One Quinnipiac student, in only five years, already knows what it is like to be a play-by-play sports commentator, work for an elite news association and meet Alonzo Mourning and Shaquille O’Neil.
Meeting Shaq was somewhat accidental. Twenty-year-old sophomore, Max Winitz, a broadcast journalism major, used his common sense and good luck to allow the NBC-owned station WTVJ in Miami to be the first to capture the basketball star on tape during his first-ever trip to South Florida last year.
Ever since he was a child, Winitz knew that he wanted to work in sports.
“I used to play the Roger Clemens baseball video game when I was a kid and act out the play-by-play,” he said.
Fast forward to when Winitz first began putting his talent and aspirations to good use in a television production class offered at his high school, Gulliver Prep, in Miami.
“Senior year was my big year,” Winitz said, who loves fishing and is a lifelong Marlins fan.
It was during this year that he went from being behind the scenes to in front of the camera as the school station’s morning sports anchor. His performances won him accolades from teachers and repeated invitations to be the master of ceremonies for sports banquets and to do commentaries for the school’s football games.
It also earned him an internship at one of the most prestigious news stations in his area.
“I called up Tony Segreto, who is a big newscaster in Miami,” Winitz said. “He suggested I apply for an internship, which I did.”
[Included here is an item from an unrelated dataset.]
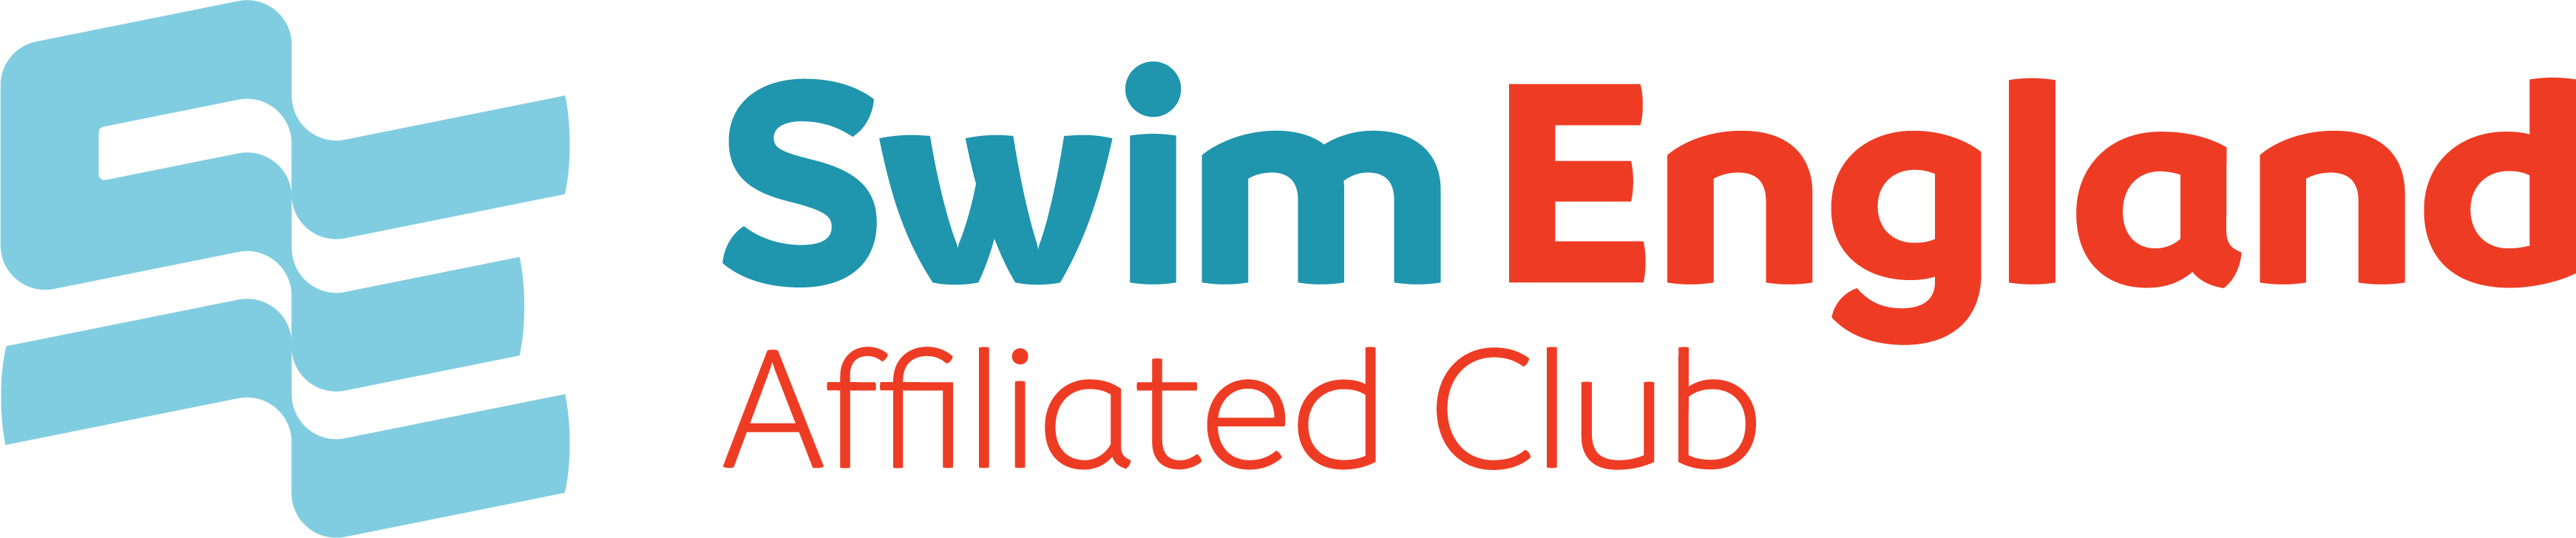 Swim England Affiliated Club logo with link to website
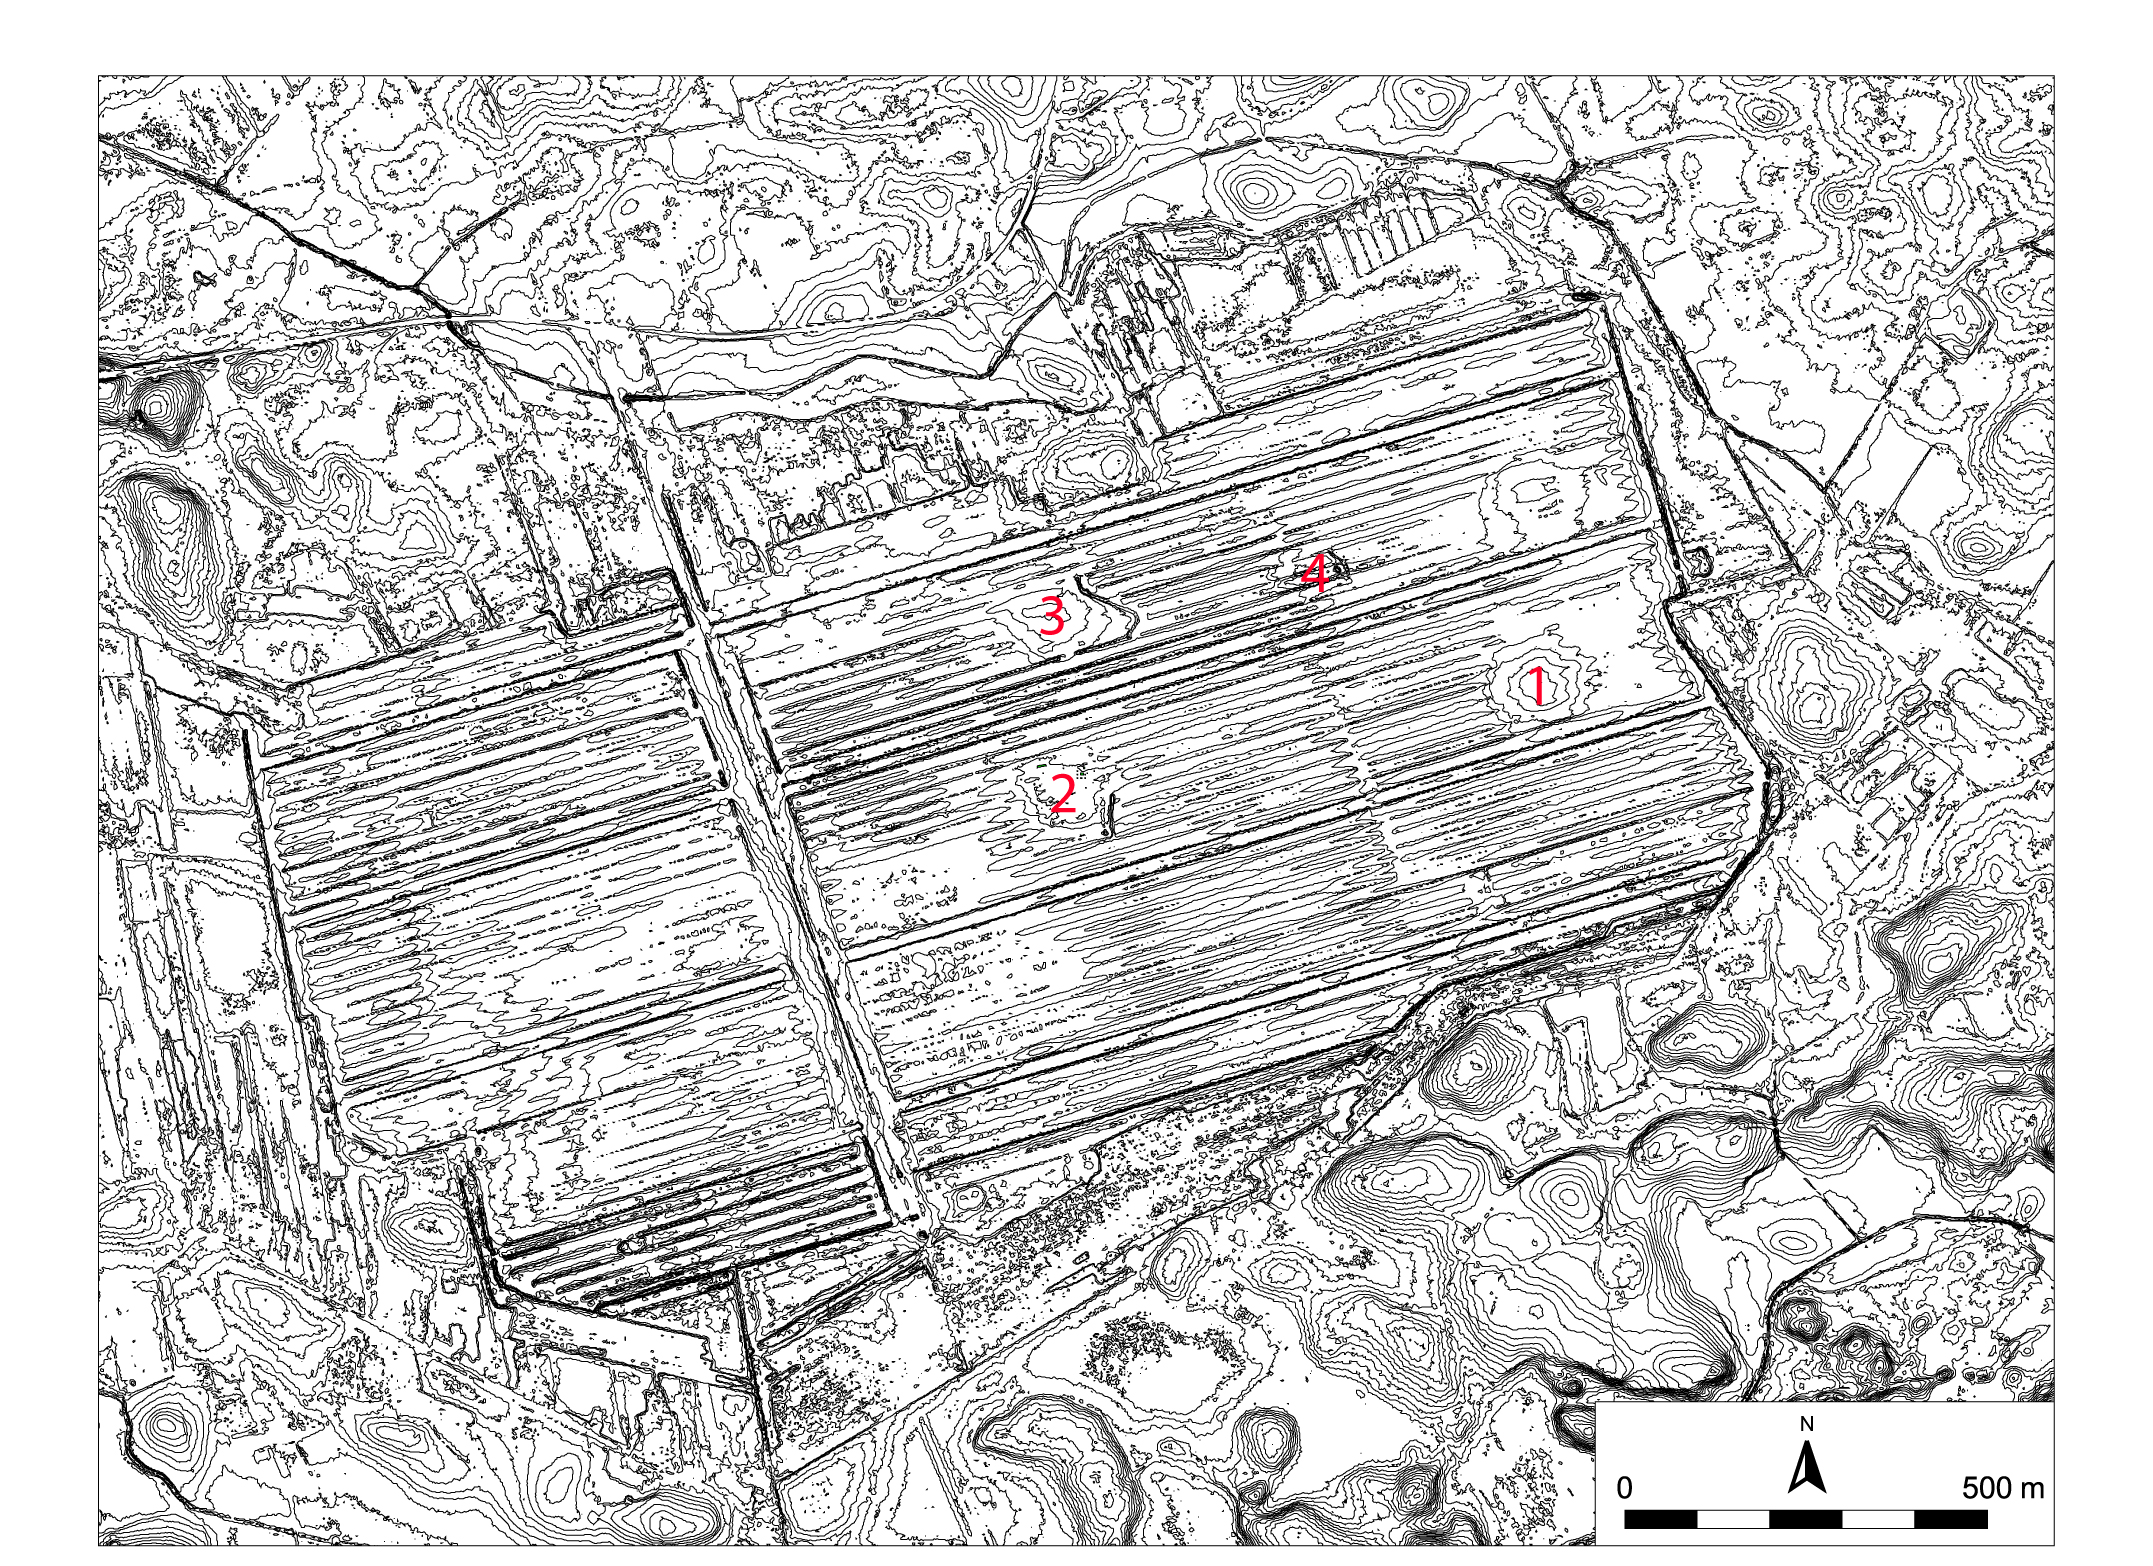 Fig. 2. Topografisk karta över torvtäkten på Viss mosse med boplatsområdena markerade. Moränhöjderna ute i täkten framträder tydligt som små öar.

He won the summer job, during which he worked at the station’s news desk.
“The news desk is where all the breaking stories come in,” he said. “I answered phones, did paperwork and shadowed reporters.”
Little did he know that the high point in his time with the station was yet to come.”One highlight was when I got to meet Alonzo Mourning of the Miami Heat while shadowing a reporter,” he said.
Winitz said that Mourning was surprisingly down-to-earth.
“He was a really nice guy,” he said. “He signed autographs and is really down to earth.”
Later, he would be involved with yet another major sports figure.
“It was Shaq’s first time coming to South Florida and every news station wanted the first shot of him,” Winitz said. “NBC had picked up the location of his car on the helicopter, but Shaq was nowhere to be found.”
That is, until, Winitz realized exactly where the Miami Heat all-star was getting a check-up.
“I was watching on TV as they scanned the buildings surrounding his car,” he said. “I recognized my family doctor’s office, who is also a physician to the Heat, so I called them up and told them that he was there getting a stress test or a physical or something. And, of course, he was.”
When news of Shaq’s location reached the station, it interrupted regularly scheduled programming to go live on location.
“They caught him walking out of the office,” he said, “and ended up being the first station to broadcast his appearance. I didn’t get a lot of credit for it, but it was pretty cool.”
Although Winitz has no plans of returning to the station this summer, he is continuing to gain experience in the field. At Quinnipiac he was the chief political consultant for the university’s cable news channel, Q30, during the presidential election. He has since left Q30. His continuing dream is to someday become a news anchor.
“I could end up in Omaha, Neb.,” he said, “but I’m very confident that I can achieve that goal. I’m a lot like Ron Burgundy from ‘Anchorman.’ It’s my all time favorite movie because I can relate to it.”
He is also used to the publicity.
The walls of Winitz’s room are covered with framed articles from newspapers about his efforts and even one from QU Daily highlighting his experience meeting Alonzo Mourning.
For now, Winitz is on a self-proclaimed “hiatus” from broadcasting and is just enjoying his college experience. But he still hopes to one day become as famous as his role model, Tom Brokaw.” Tom Brokaw is and always will be my idol when it comes to this business,” he said.